Atherosclerosis continues to progress structurally in one third of patients on optimal medical therapy and every 30 seconds still, an American will have an acute myocardial infarction, and every minute, one will die from one. These data point to the existence of significant gaps in our understanding of this disease process. The long- term goal of the current line of research is, thus, to identify new disease pathways and treatments in atherosclerosis. Studies in other chronic inflammatory diseases have pointed out a phenomenal reduction in tissue inflammation and injury by specific inhibition of the immunoproteasome. Our own preliminary studies demonstrate the expression of immunoproteasome subunits in the shoulder areas of complicated plaques. Guided by these data, the objective of the current application is to determine the expression pattern and pathophysiological significance of the immunoproteasome in an established murine model of atherosclerosis. Our central hypothesis is that the immunoproteasome contributes to the development of advanced atherosclerotic plaques in mice primarily via its activity in bone marrow-derived inflammatory cells. The rationale for these studies is that identification of the role of the immunoproteasome in atherosclerosis will provide further insight into disease mechanisms and novel therapy options. This proposal pursues three specific aims: 1) Determine a) the expression profile of the immunoproteasome in atherosclerosis in apolipoprotein E-deficient (apoE -/-) mice on a high fat diet and b) the effect and mechanisms of action of pharmacological immunoproteasome inhibition in this atherosclerosis model;2) Determine the leading cell origin of immunoproteasome activity in atherosclerosis;and 3) Determine the role of the immunoproteasome in interferon gamma cytokine signaling on a) endothelial cell function and b) macrophage plasticity.

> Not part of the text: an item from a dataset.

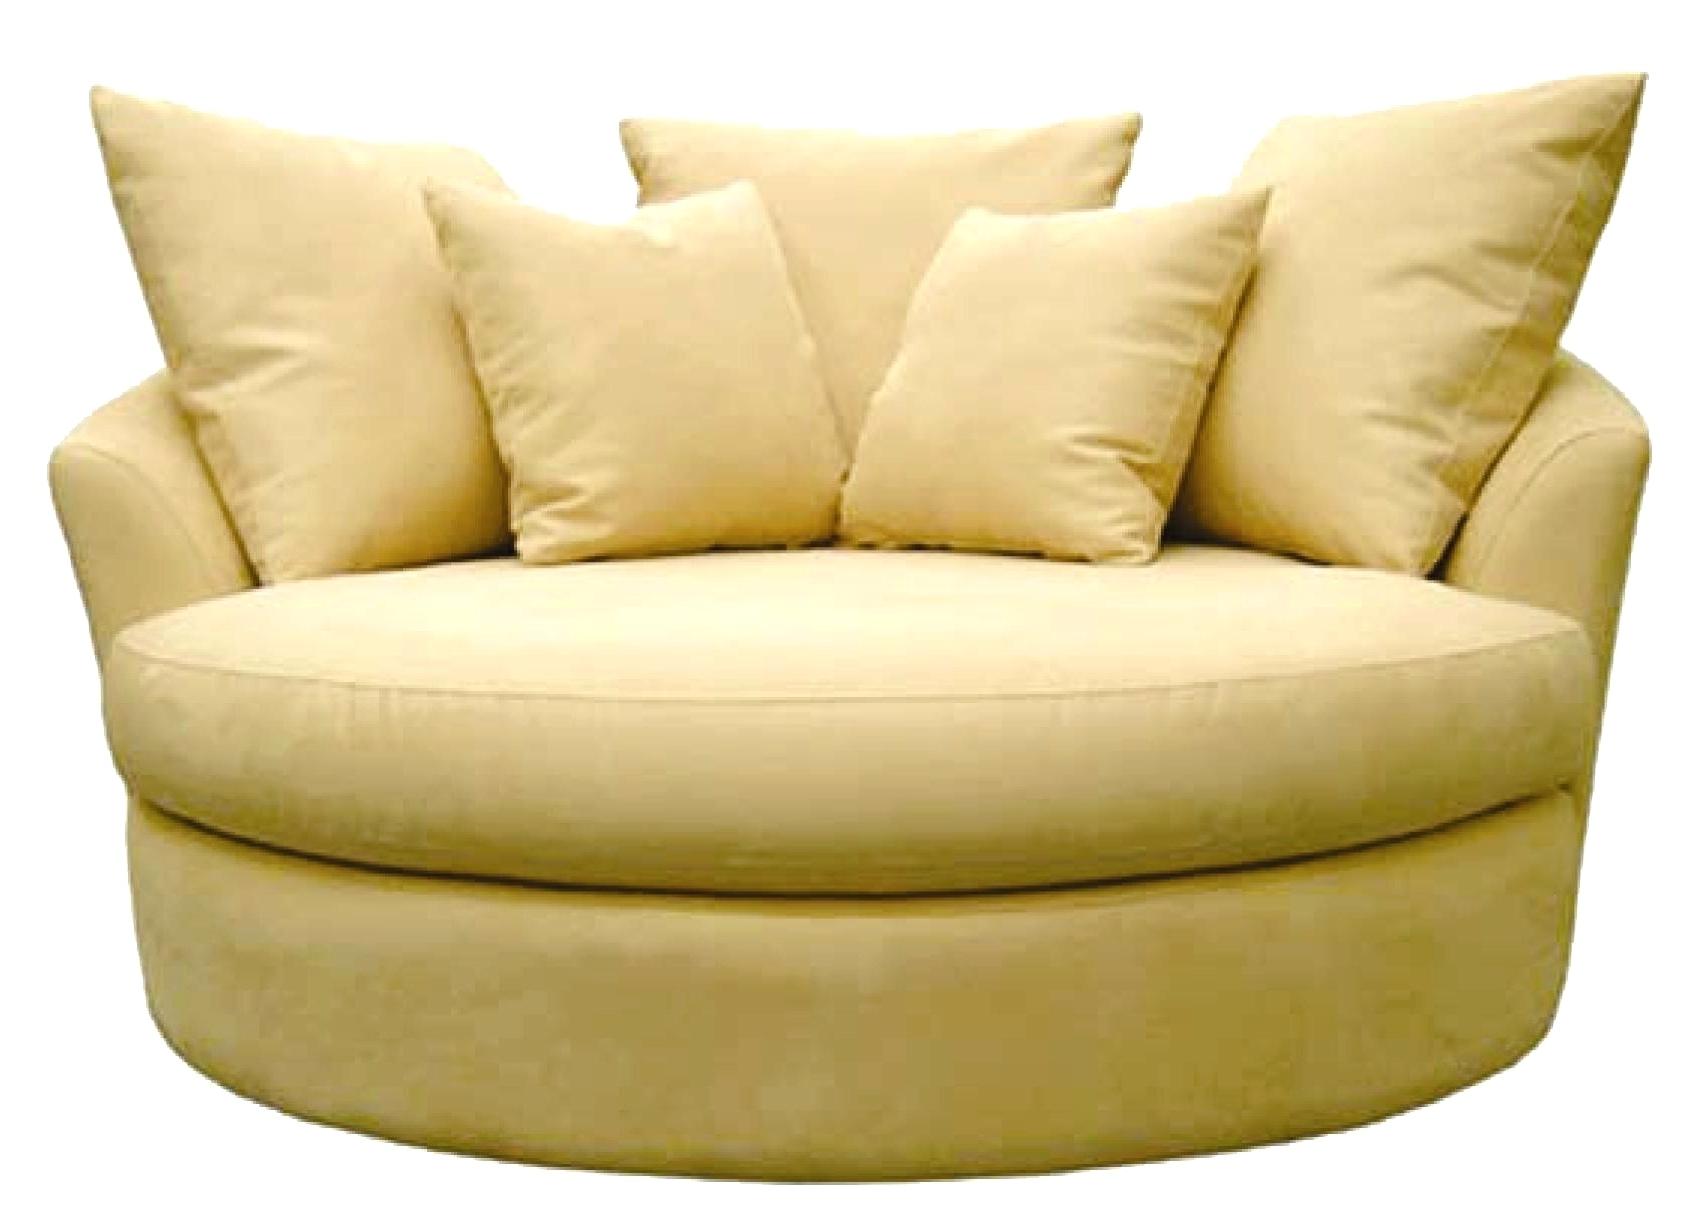 Big Round Sofa Chairs With 2019 Sofa : Round Sofa Chair Australia Round Sofa Chair Nz Big Round (View 7 of 20)

Under aim 1 a, apoE-/- mice will be subjected to a high fat diet and the expression profile of the immunoproteasome over the course of atherosclerosis development will be defined.
Under aim 1 b, apoE-/- mice will be treated with a specific immunoproteasome inhibitor started with (progression model) or after (regression model) the start of the high fat dit.

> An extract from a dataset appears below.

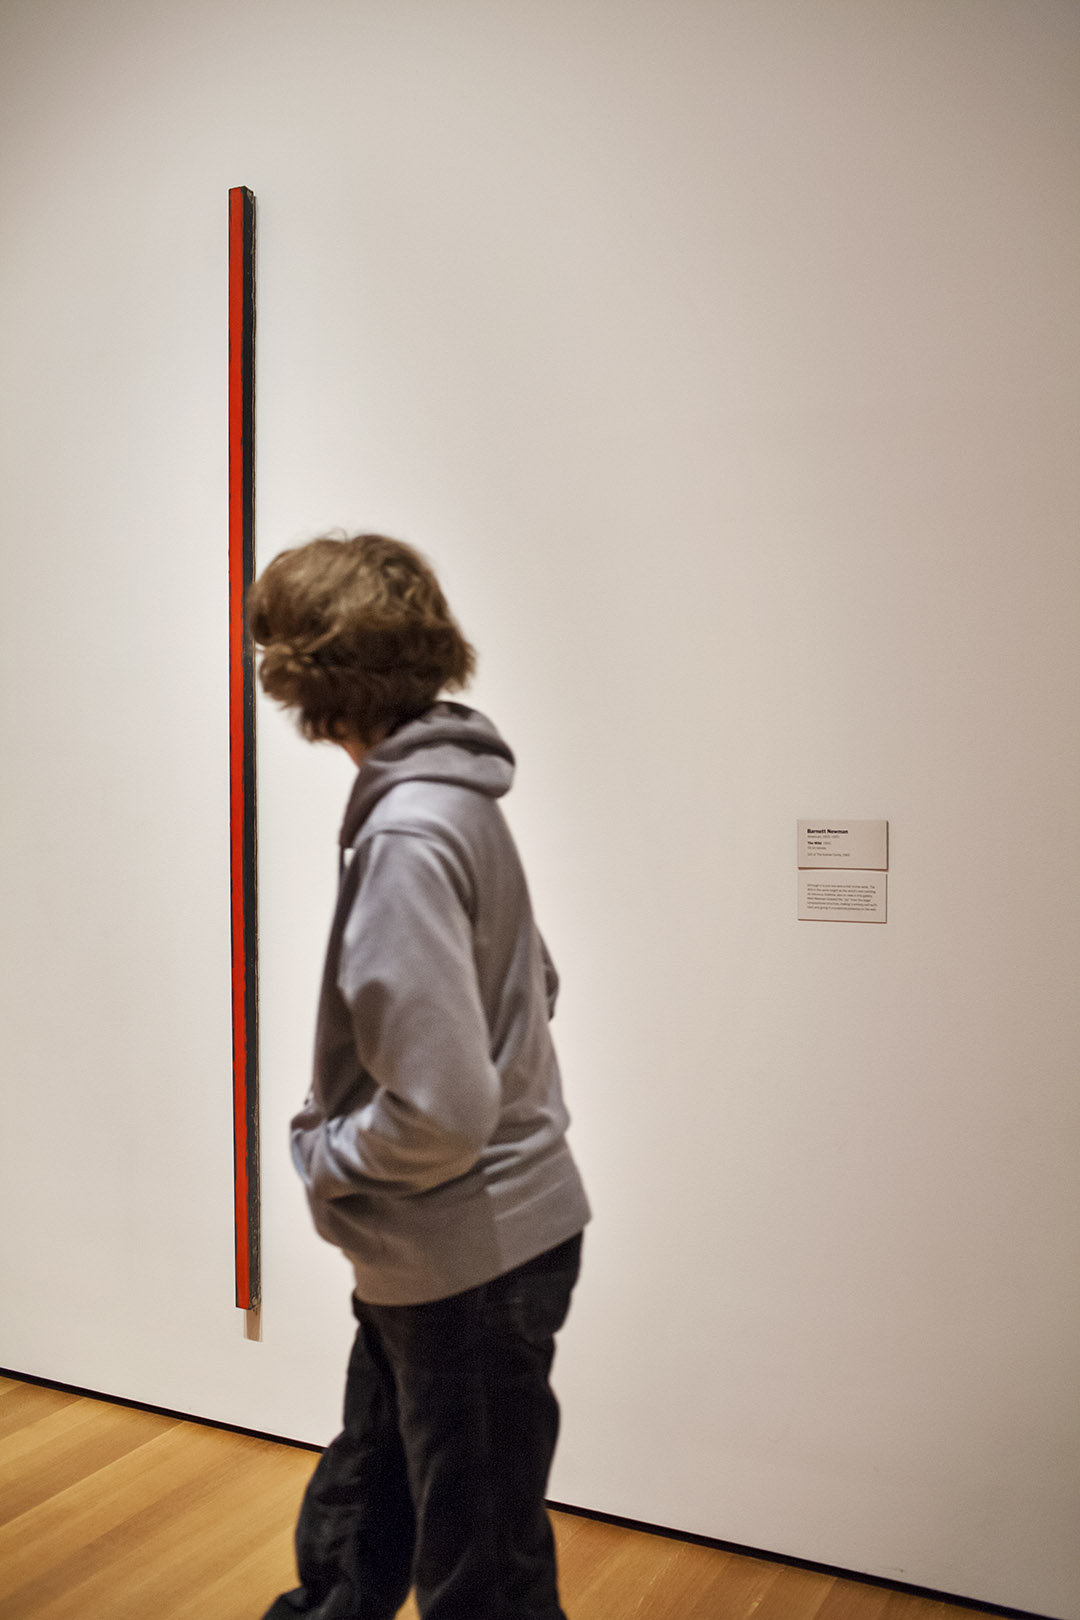 _nf - NewYork, MoMA - Barnett Newman - The wild

Under aim 2, chimeric bone marrow transplantation experiments will be performed to assess the influence of genetic deficiencies in immunoproteasome subunits in bone marrow-derived inflammatory cells and specifically in CD+ and CD8+ T-cells on experimental atherosclerosis.
Under aim 3, the functional significance of the immunoproteasome for interferon gamma signaling in endothelial cells and macrophages will be studied in vitro and in vivo. This proposal is innovative as it will provide first data in atherosclerosis on an increasingly recognized important regulator of inflammation: the immunoproteasome. This proposal is significant because it has the potential to vertically advance our scientific understanding of the atherosclerotic disease process. Ultimately, this is to reduce the burden of atherosclerosis on the individual and society.

Public Health Relevance

The proposed research is relevant to public health because defining the yet unknown pathophysiological role of the immunoproteasome, an important regulator of inflammation, in atherosclerosis is ultimately expected to increase our understanding of the atherosclerotic disease process, as well as its diagnostic, therapeutic and prognostic implications. Thus, the proposed research is relevant to the part of NIH's mission that pertains to developing fundamental knowledge that will help to reduce the burdens of human diseases. For every 30 seconds still, an American will have a heart attack, and every 1 minute, one will die from one. Worldwide, cardiovascular disease remains the leading cause of death, accounting for 17 million deaths per year, a number that is expected to grow to >23 million by 2030.

National Institute of Health (NIH)
National Heart, Lung, and Blood Institute (NHLBI)
Clinical Investigator Award (CIA) (K08)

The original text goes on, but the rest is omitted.